Honestly, I'm not sure if I'm such a big fan of this "he let the other sleep for a moment there, but when he woke up, he was alright so it's all good" thing the MMA community has gotten going for a while now. Actually, if a fighter is out or out enough, the fight should be stopped there. I like crazy recoveries and such too, it's not that. It's just not good reffing (especially concerning fighter safety) to let a fight go, just because there's a chance the knocked out fighter _might_ recover and win the fight. Sure, there's always that chance - but there's a bigger chance of brain damage, and other damages, done to the knocked out fighter.

As for Kongo saying he wasn't knocked out, meh, I just don't buy it.

Congrats to Kongo for an awesome uppercut, but to me it looked like the fight should've already been stopped then.


----------



## SideWays222 (Sep 9, 2008)

Coq de Combat said:


> *Wow, I wasn't far off.* He did knock Cheick down (I think out, too) a couple of times before getting knocked out himself.
> 
> I just hope Dana doesn't cut him. Despite not being good on the ground, he's an exciting fighter and I'm sure he could be a good draw for the UFC.
> 
> ...


Actually you were REALLY FAR OFF. The only thing you predicted is that you think Pat Berry has a chance to knock Kongo out. Which quiet honestly is *very obvious* seeing as how they are HW Strikers. Saying that is like saying "GSP's opponent can be taken down and GSP has one hell of a takedown". You really dont get any points for pointing out the obvious. Then come the next 2 important parts. Pat Berry did NOT knock Cheick Kongo out, it was actually Cheick Kongo that knocked Pat Berry out. So really i dont see how you can say that your prediction was close to being correct, when it was the opposite of what you said that happened. A person that said Pat Berry and Cheick Kongo have the power to knock each other out was closer to predicting the fight then you were.

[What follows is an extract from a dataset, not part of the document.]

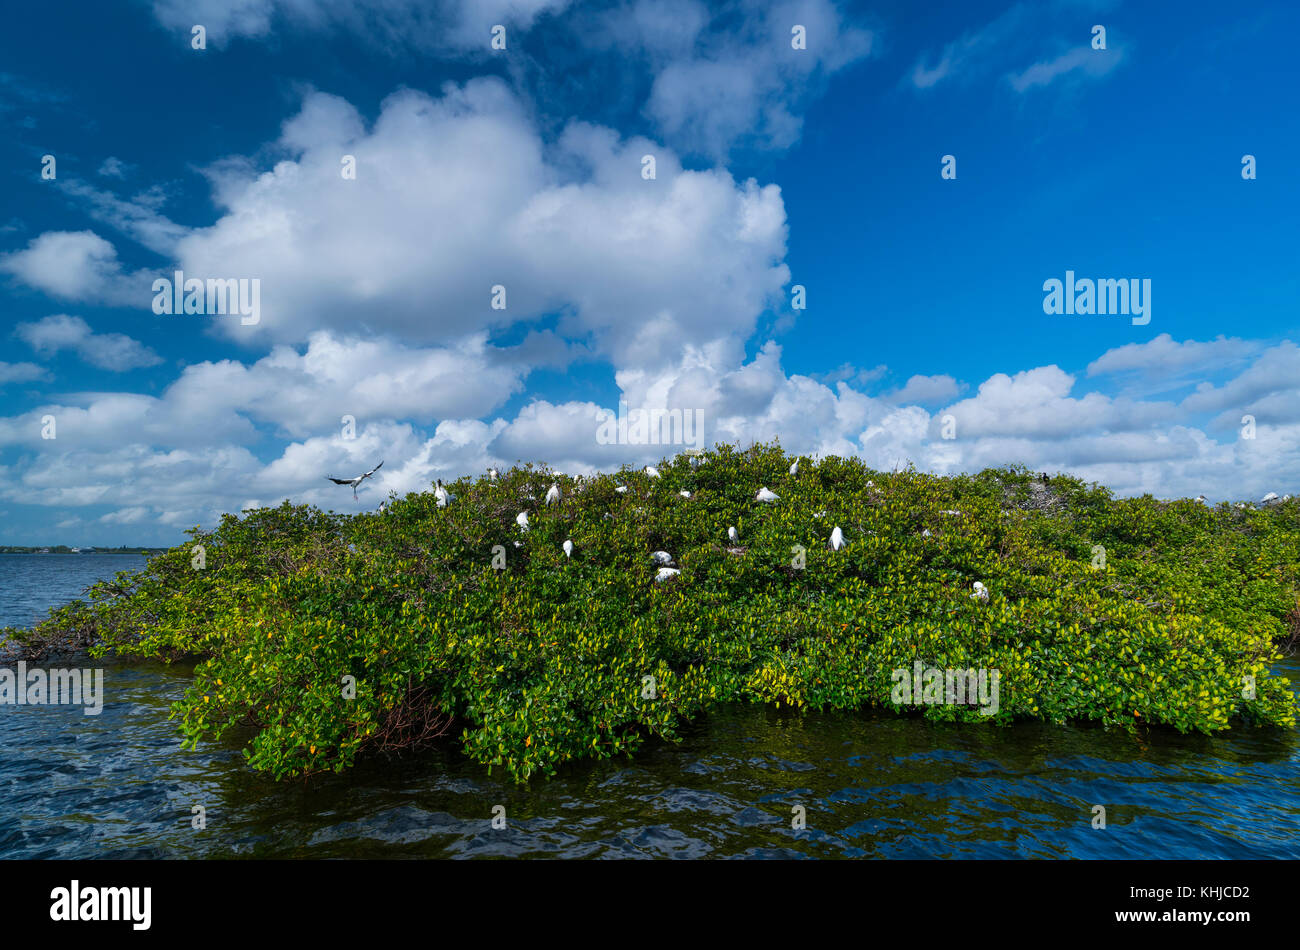 WOOD STORK (Mycteria americana), Stork family, Everglades, Florida, Usa, América Stock Photo

Sorry buddy... but i just cannot allow you to brag about something like this when you obviously dont deserve it.


----------



## oldfan (Mar 14, 2010)

With just a little composure that was Pat's fight. He went apeshit the first time he hurt Kongo.

I actually laughed out loud and yelled hell yeah when Pat shot (sorta) for a takedown.

then I woke my kids up with "holy ****!!!" at the end.and that is the ultimate measure of a fight in my house. did i wake the kids up?


----------



## Mckeever (Apr 26, 2009)

Barry Should change his nick name to HD - Hype Dead.


----------



## Drogo (Nov 19, 2006)

Barry had it, he got too excited. If he'd just slowed down a tiny bit and really made sure that next punch landed after dropping Kongo (either time), he wins that fight. Hopefully he'll learn from that. I thought the reffing was fine, Kongo was moving as soon as he hit the floor every time he went down. I also like the fact that Dan let Kongo have those extra shots on Barry. He probably knew Barry was out cold but he didn't want to be too quick to end it after Barry had Kongo in so much trouble. He was trying to give Barry a chance to do what Kongo did.


----------



## Coq de Combat (Sep 17, 2007)

SideWays222 said:


> Actually you were REALLY FAR OFF. The only thing you predicted is that you think Pat Berry has a chance to knock Kongo out. Which quiet honestly is *very obvious* seeing as how they are HW Strikers. Saying that is like saying "GSP's opponent can be taken down and GSP has one hell of a takedown". You really dont get any points for pointing out the obvious. Then come the next 2 important parts. Pat Berry did NOT knock Cheick Kongo out, it was actually Cheick Kongo that knocked Pat Berry out. So really i dont see how you can say that your prediction was close to being correct, when it was the opposite of what you said that happened. A person that said Pat Berry and Cheick Kongo have the power to knock each other out was closer to predicting the fight then you were.
> 
> Sorry buddy... but i just cannot allow you to brag about something like this when you obviously dont deserve it.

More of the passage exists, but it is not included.